Now the force $\mathbf F: \mathbb R \rightarrow \mathbb R^3$ in the case of a force field is simply a composition of the two functions $\mathbf f: \mathbb R^3 \rightarrow \mathbb R^3$ and $\mathbf r: \mathbb R \rightarrow \mathbb R^3$. In other words, the force at time $t$ is simply the force field evaluated at the position at which the particle is at that instant. So: $$\mathbf F(t) \equiv \mathbf f(\mathbf r(t))$$ Using this on the definition of work $(*)$ you get: $$W_{A \rightarrow B} = \int_{t_A}^{t_B} d\mathbf r(t) \cdot \mathbf f(\mathbf r(t))$$ which is what people actually mean by $W_{A\rightarrow B} \equiv \int_{C_{AB}}d\mathbf r \cdot \mathbf F(\mathbf r)$.

Keep in mind that these are mostly just mathematical (as well as notational) nitpicking. They don't really affect any of the actual Physics in the problem :).

Response to comment:

Just as I talked about a position-dependent force field $\mathbf f(\mathbf r)$, you can have a more generalized time,velocity and position-dependent force field $\mathbf f(\mathbf r,\mathbf v,t)$.

For example, consider a 1D spring with velocity-dependent friction, having a time dependent spring constant $k(t)$. The force exerted on a particle by this spring is simply $-k(t) x-\gamma v$. So you can define a generalized force field $f$ as $f(x,v,t) \equiv -k(t) x-\gamma v$ ($\gamma$ is the friction constant).

More generally you can have a generalized force field $\mathbf f$: $$\begin{cases} \mathbf f: \mathbb R^3\times\mathbb R^3 \times \mathbb R \ \rightarrow \mathbb R^3\\ (\mathbf r, \mathbf v, t) \longmapsto \mathbf f(\mathbf r,\mathbf v,t) \end{cases}$$ Again, the force experienced by a particle in such a force field would be a composition of $\mathbf f$ with the functions $\mathbf r$ and $ \mathbf v$; i.e. $$\mathbf F(t) \equiv \mathbf f(\mathbf r(t),\mathbf v(t),t)$$ So the force experienced by the particle is both explicitly dependent on time, as well as varying through the change of the particles position and velocity.
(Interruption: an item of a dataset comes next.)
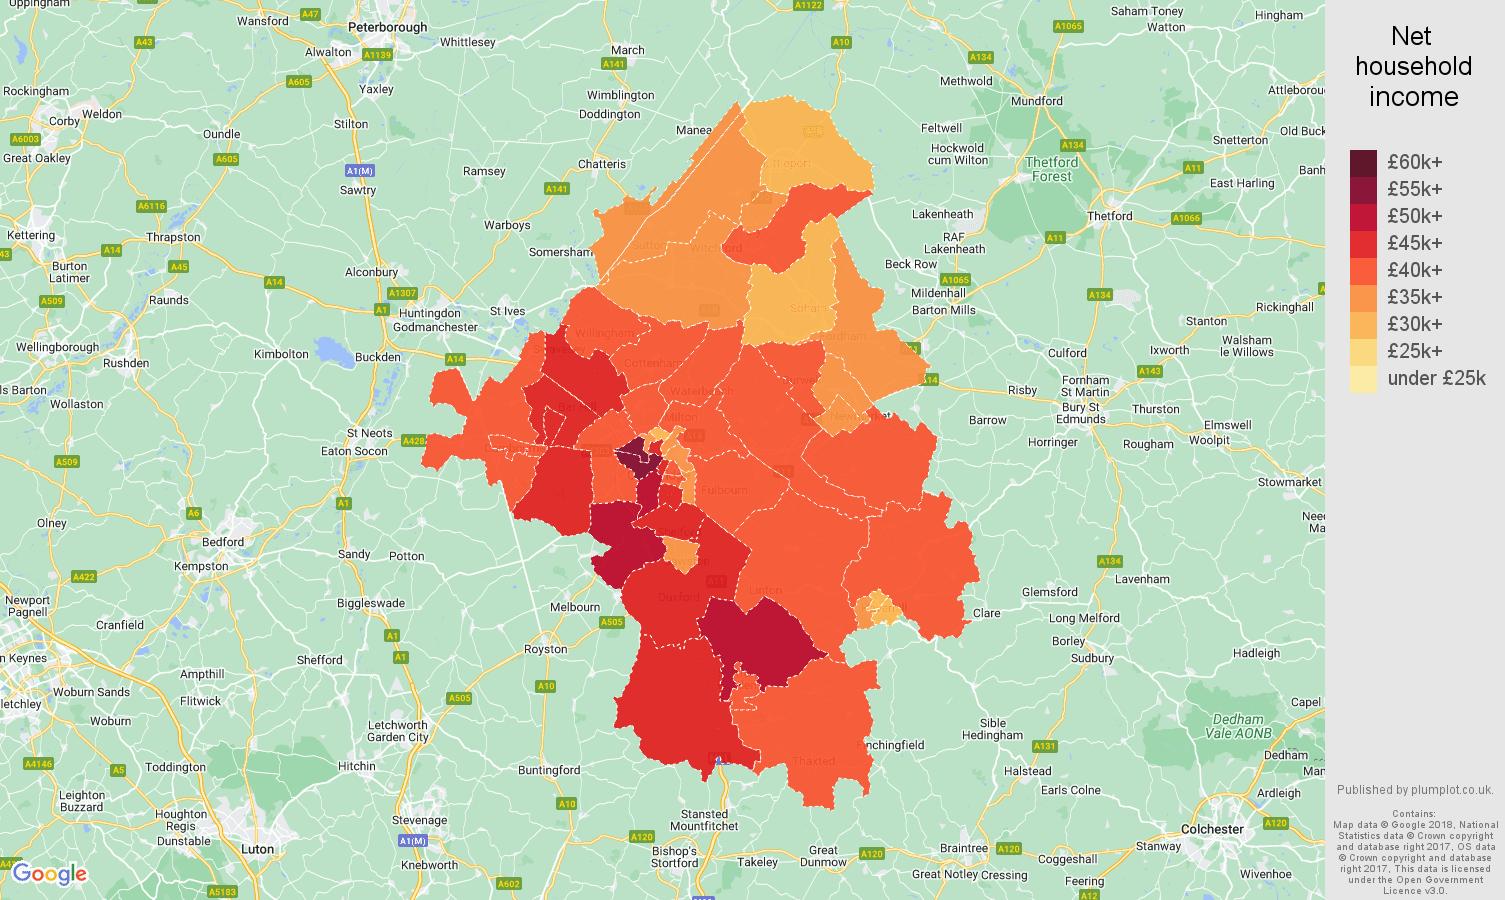 Cambridge net household income map

The work for this force field on the particle would simply be: $$W_{A \rightarrow B} = \int_{t_A}^{t_B} d\mathbf r(t) \cdot \mathbf F(t) = \int_{t_A}^{t_B} d\mathbf r(t) \cdot \mathbf f(\mathbf r(t),\mathbf v(t),t)$$

Note that in principle, you can even think of more and more complicated force fields, the main idea is however the same.

Answer 2

As the comments state, it ultimately depends on the nature of the system. So the system you've proposed is a three dimensional space parameterized by time. Force is also a vector so it has the same definition as the the vectors you've provided, and if you're dealing with Newtonian mechanics then you may utilize Newton's second law: $\vec{F} = m \vec{a}$. Work is, most simply, the inner product between force and displacement,

$$ W = \vec{F} \cdot \vec{x} $$.

More generally the work is the path integral over this inner product along some curve, $C$,

$$ W = \int_{C} \vec{F} \cdot d\vec{x} = \int_{t_{1}}^{t_{2}} \vec{F} \cdot \vec{v} dt $$

So you can see that work is a scaler.